2. I don't think I'm ready yet, nor do I think I will be in the near future.
3. I don't think I necessarily believe in all that "love of my life" stuff.
4. I reside in a land with a large divorce rate, so life-partner is evidently a pretty tall order.
5. I'm extremely picky.

Whilst I don't see how I'm likely to meet anyone who overcomes all that soon, I never say never, so meh.


----------



## changos (Nov 21, 2011)

highlandstorm said:


> I think I eventually will, but not necessarily someone I'm happy with... *I might just marry someone I get along with... *


Found someone like that, we get along amazingly well. We've been hanging out for a few years now, but there is no spark... things are tasteless  so I don't want to take things to the next level.


----------



## L (Aug 12, 2011)

highlandstorm said:


> Does it not bother you?
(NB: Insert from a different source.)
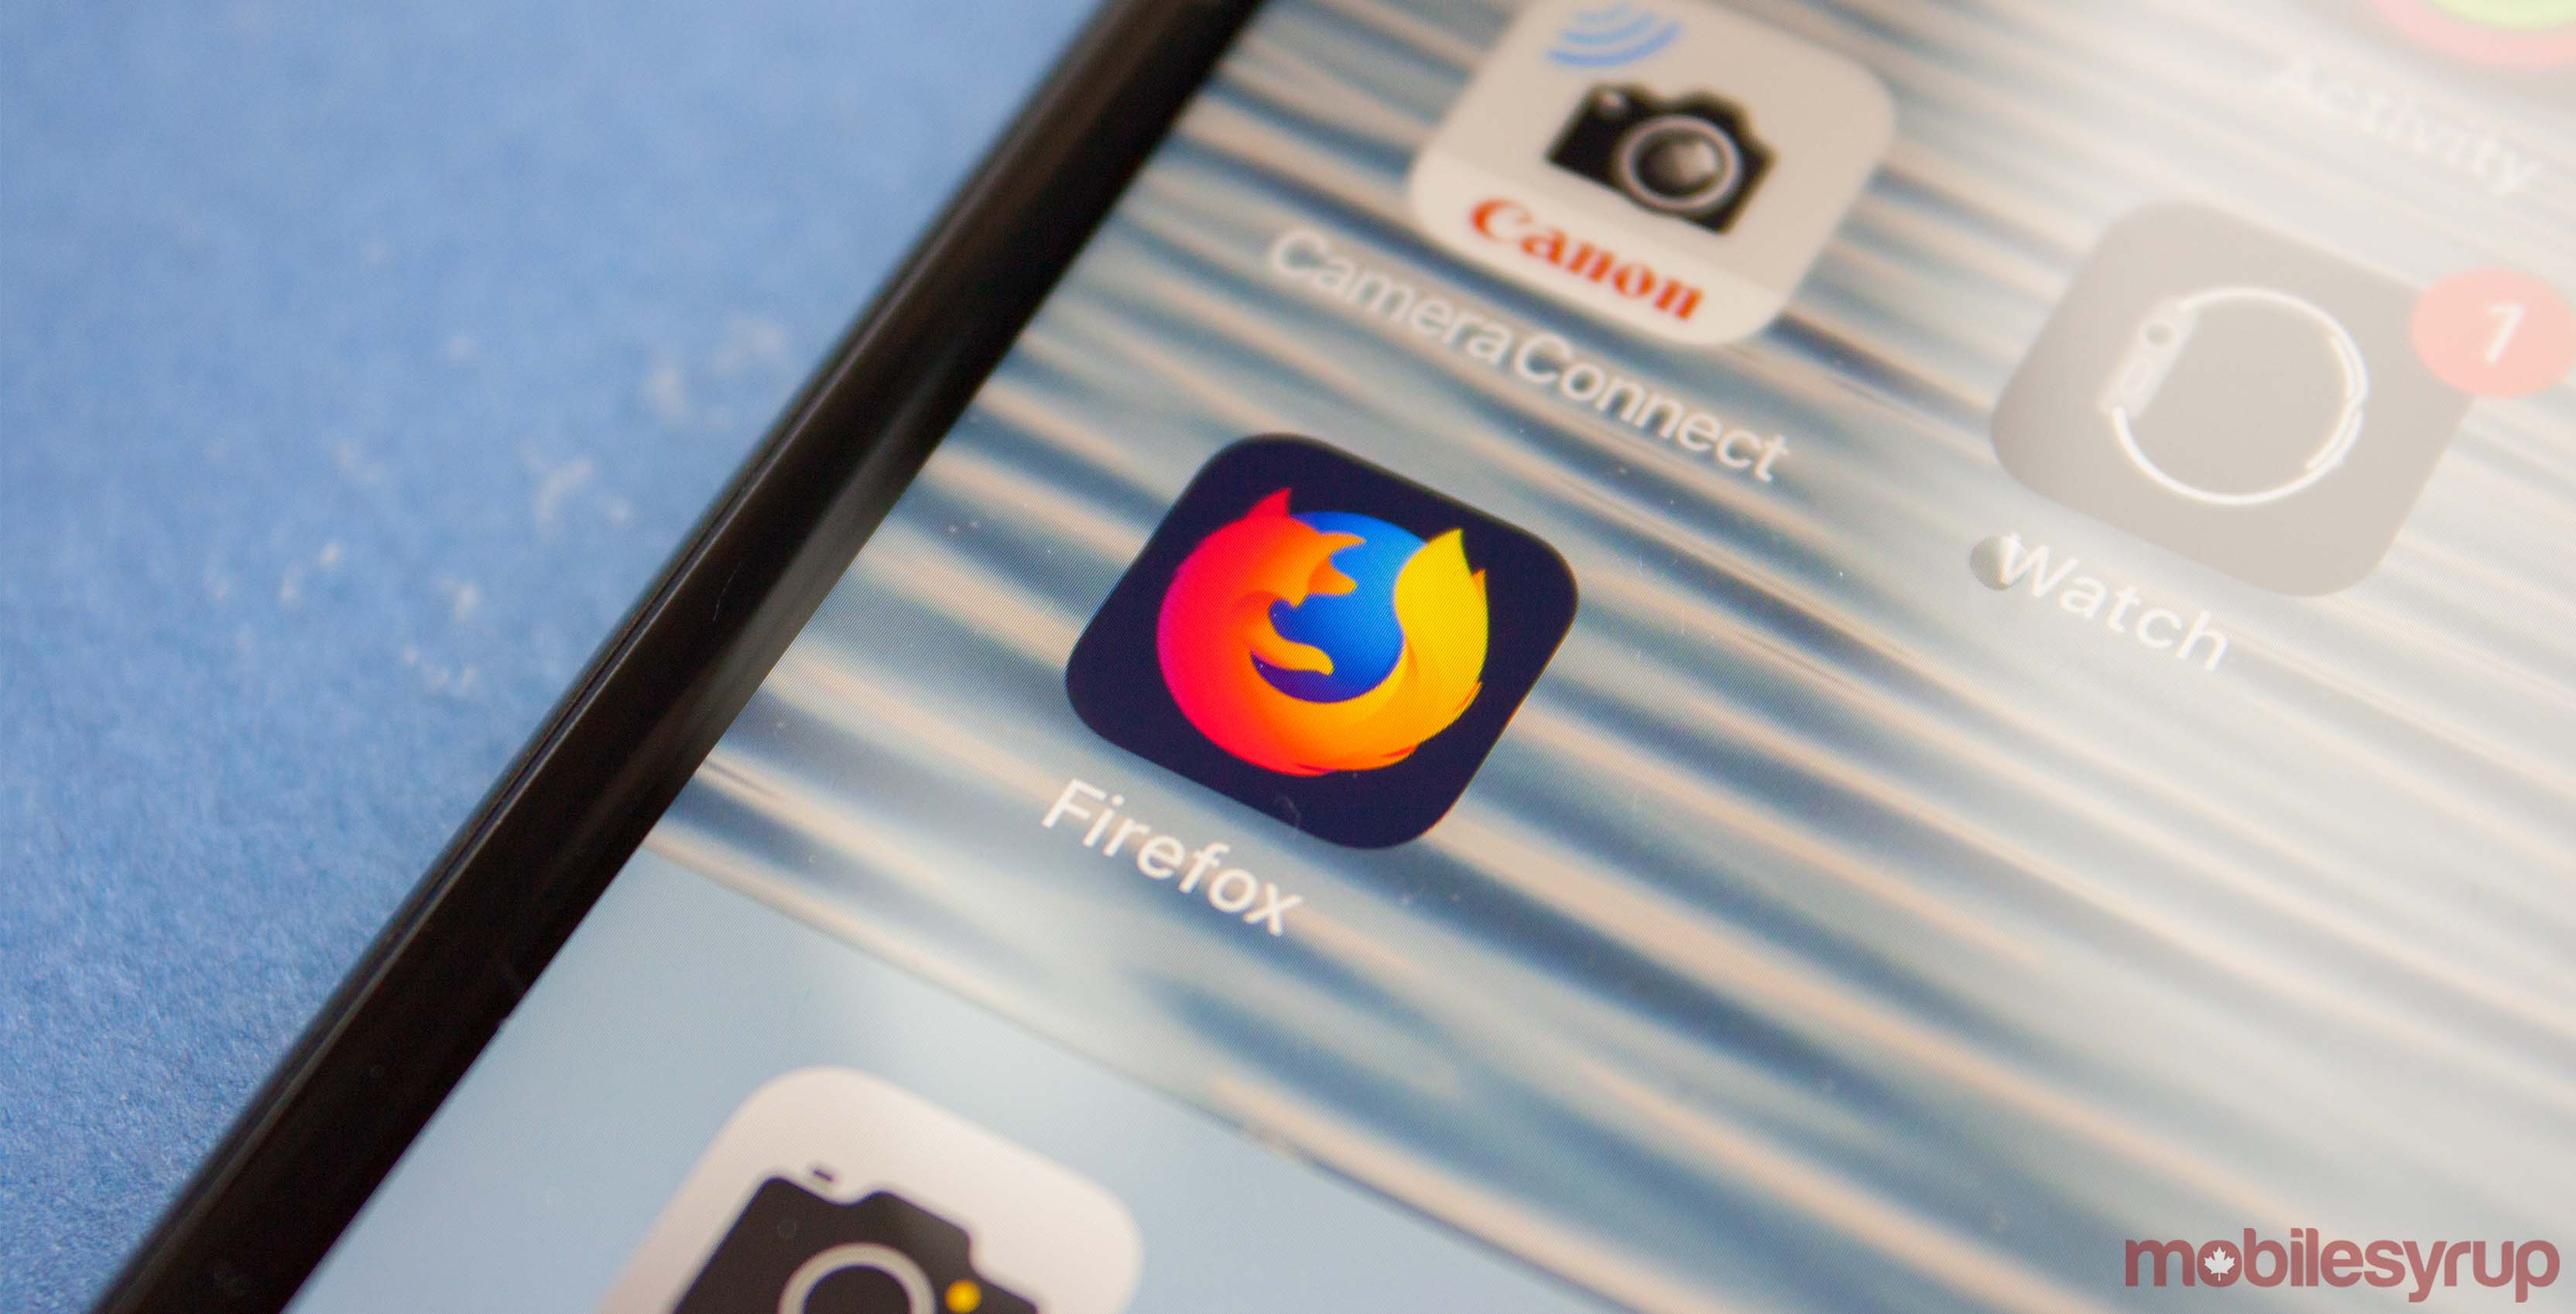 Firefox app icon on iOS

I feel awful asking for something I cannot give back.
> 
> Some people seem a lot more selfless in relationships, or expect nothing they can't give.


It's one of those things you learn to compromise. In actuality does not everybody not want things they themselves cannot give back, I know I do. The only difference is that I am more realistic and I know what can and what cannot be.

It's only human to want more.

Love for me is the ability to want to be with someone despite their flaws.


----------



## VanVinci (Dec 11, 2011)

White Flag.
Long ago.


----------



## Drewbie (Apr 28, 2010)

Very confident as I_ already have_ found my life partner. This is one of those situations when for a moment I pity romantically inclined people.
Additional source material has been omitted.